All the authors, who intend to publish their research manuscripts in the INNSpub must read and follow all the guidelines for ethical publication. INNSpub adheres to the policies of ethical practice. Therefore, we always try to stop the abuse in the publication of scientific works.

The ethical issues in research may be violated in different ways for that hereunder are self-explanatory policy statements for the authors to follow strongly.

Authorship
All contributing authors should qualify for authorship. The order of authorship should be a joint decision of the co-authors. Sufficient participation in the work is of utmost importance:
Authorship credit should be based on a substantial contribution to the conception and design, execution, or analysis and interpretation of data. All authors should be involved in drafting the article or revising it critically for important intellectual content, must have read and approved the final version of the manuscript, and approve of its submission to this journal.

Co-authorship/guest authorship
All individuals who made significant scientific contributions to the research work should be given the opportunity to be included as co-authors. Other persons who contributed to the study should be acknowledged but need not be identified as co-authors. Every coauthor should be aware of the content of an article to be submitted, agree to its submission, and share appropriate responsibility for the work. Any individual unable to take appropriate responsibility for the article should not be included as a co-author

Criteria for authorship
Everyone who has made substantial intellectual contributions to the study on which the article is based (for example, to the research question, design, analysis, interpretation, and written description) should be an author. Only an individual who has made substantial intellectual contributions should be an author. Performing technical services, translating text, identifying patients for the study, supplying materials, and providing funding or administrative oversight over facilities where the work was done are not, in themselves, sufficient for authorship, although these contributions may be acknowledged in the manuscript. One author (a “guarantor”) should take responsibility for the integrity of the work as a whole. Often this is the corresponding author, the one who sends in the manuscript and receives reviews, but other authors can have this role. All authors should approve the final version of the manuscript. It is preferable that all authors be familiar with all aspects of the work.

Number of authors
Editors should not arbitrarily limit the number of authors. There are legitimate reasons for multiple authors in some kinds of research, such as multi-center, randomized controlled trials. In these situations, a subset of authors may be listed with the title, with the notation that they have prepared the manuscript on behalf of all contributors. If editors believe the number of authors is unusually large, relative to the scope and complexity of the work, they can ask for a detailed description of each author’s contributions to the work. If some do not meet the criteria for authorship, editors can require that their names be removed as a condition of publication.

Authorship rules
The authors themselves should decide the order in which authors are listed in an article.

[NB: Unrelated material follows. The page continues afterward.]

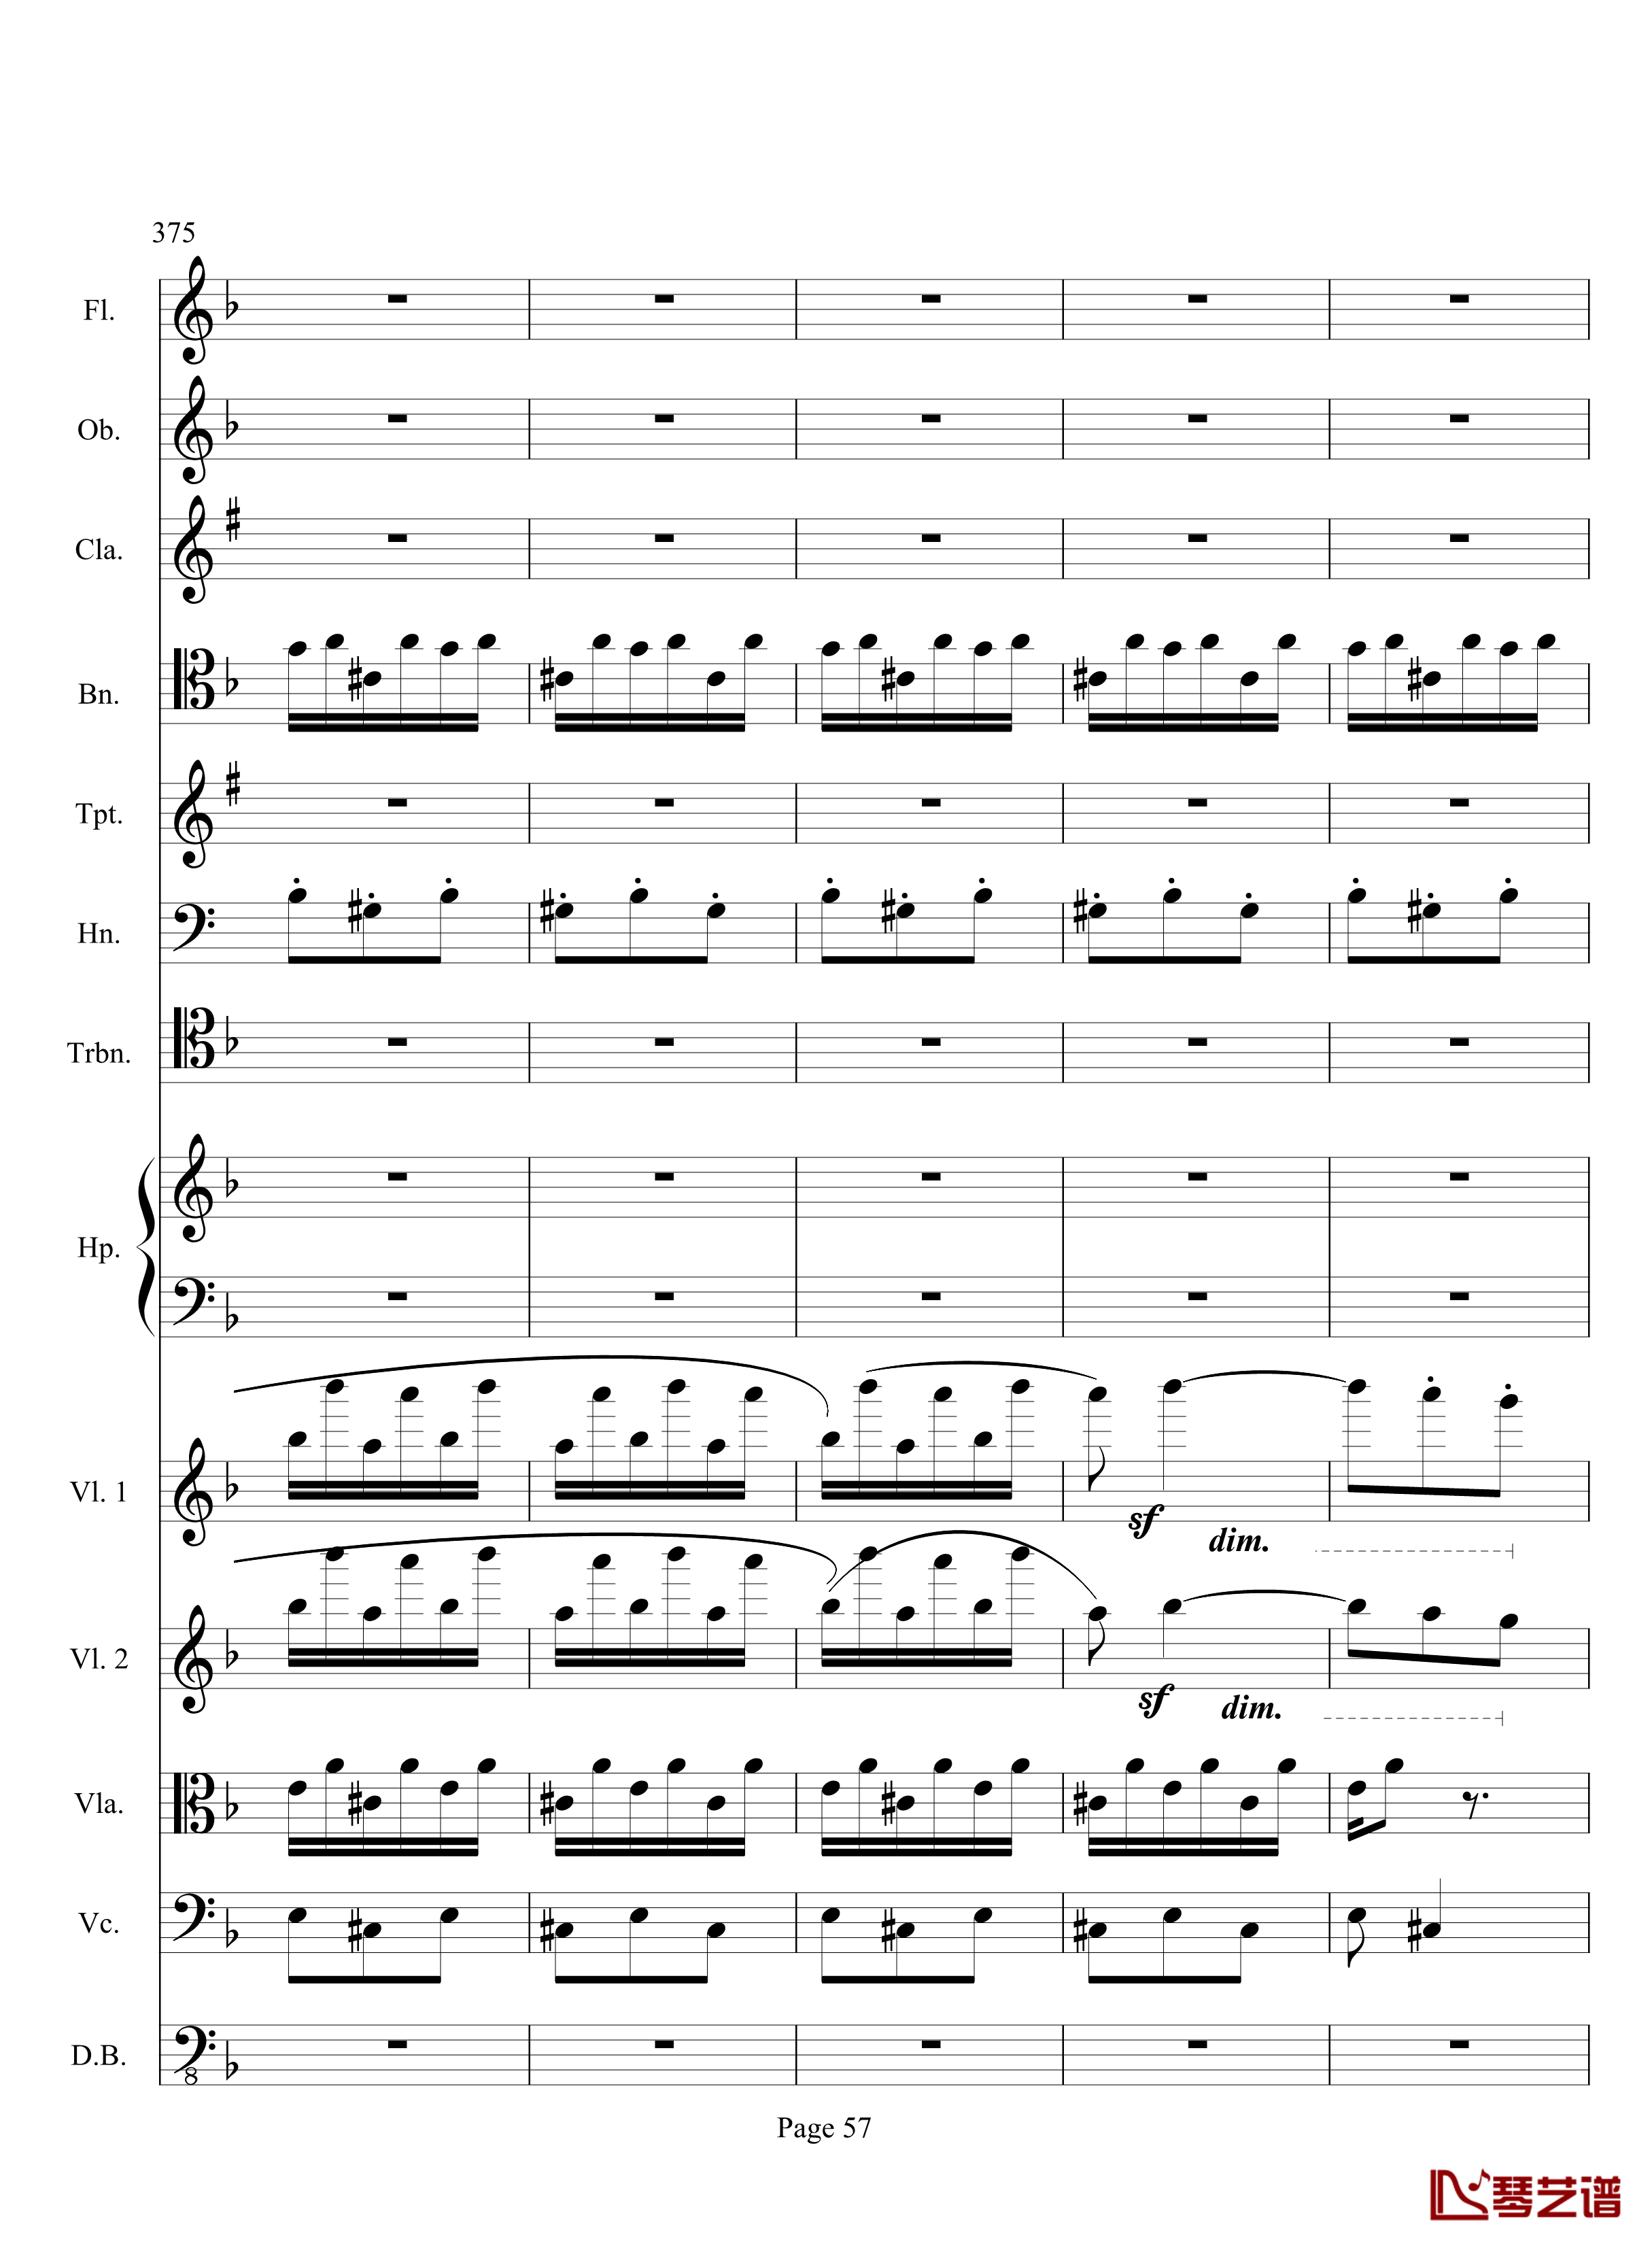 奏鸣曲之交响钢琴谱-第17首-Ⅲ-贝多芬-beethoven57

No one else knows as well as they do their respective contributions and the agreements they have made among themselves.

Changes to authorship
For all submissions to INNSpub, authorship change requests should be submitted to the editorial office of INNSpub through the corresponding author. Requests to add or remove an author, or to rearrange the author names, must be sent to the journal editor from the corresponding author of the accepted manuscript and must include the reason the name should be added or removed, or the author names rearranged. The corresponding author should certify that all authors meet the committee on publication ethics authorship standards and that all authors consent to the change. All authors will be asked to sign an authorship statement after the manuscript has been accepted. By signing the change of authorship form, any authors who have been added, removed, or reordered indicate that they agree to the changes. Until the editorial office gets the completed form, the relevant submission will be kept on hold for further processing. No authorship change is allowed after the publication of the manuscript.

Authorship disputes
Authorship is the process of deciding whose names belong on a research paper. In many cases, research evolves from collaboration and assistance between experts and colleagues. Some of this assistance will require acknowledgment and some will require joint authorship. Each person listed as an author of an article should have significantly contributed to both the research and writing. In addition, all listed authors must be prepared to accept full responsibility for the content of the research article.

Author agreement
INNSpub Publisher provides access to archived material through INNSpub archives. Manuscripts are the parts of an open archive, which are made freely available from the INNSpub website. All articles published with open access will be immediately and permanently free for everyone to read and download. Permitted reuse is defined by a Creative Commons user license called “Creative Common Attribution”. The INNSpub and the end-users have non-exclusive rights under the Creative Commons Attribution license (CC-BY). Any supporting information along with the contribution of authors in all subsequent versions for publication in INNSpub is granted a perpetual, non-exclusive license to publish, transfer, and distribute as a whole or part of the information throughout the world in all languages. The corresponding author authorized the co-authors to enter into the copyright agreement Form. The corresponding author and co-authors guarantee that the submitted manuscript is original has not been submitted to any other journals, has not been published previously, and does not infringe on other person’s rights (including without limitation copyrights, patent rights, and trademark rights). All authors further guarantee that the contribution does not contain any libelous statement, facts, or instructions that can cause damage and injury to third parties and disclosure of any secret or confidential information.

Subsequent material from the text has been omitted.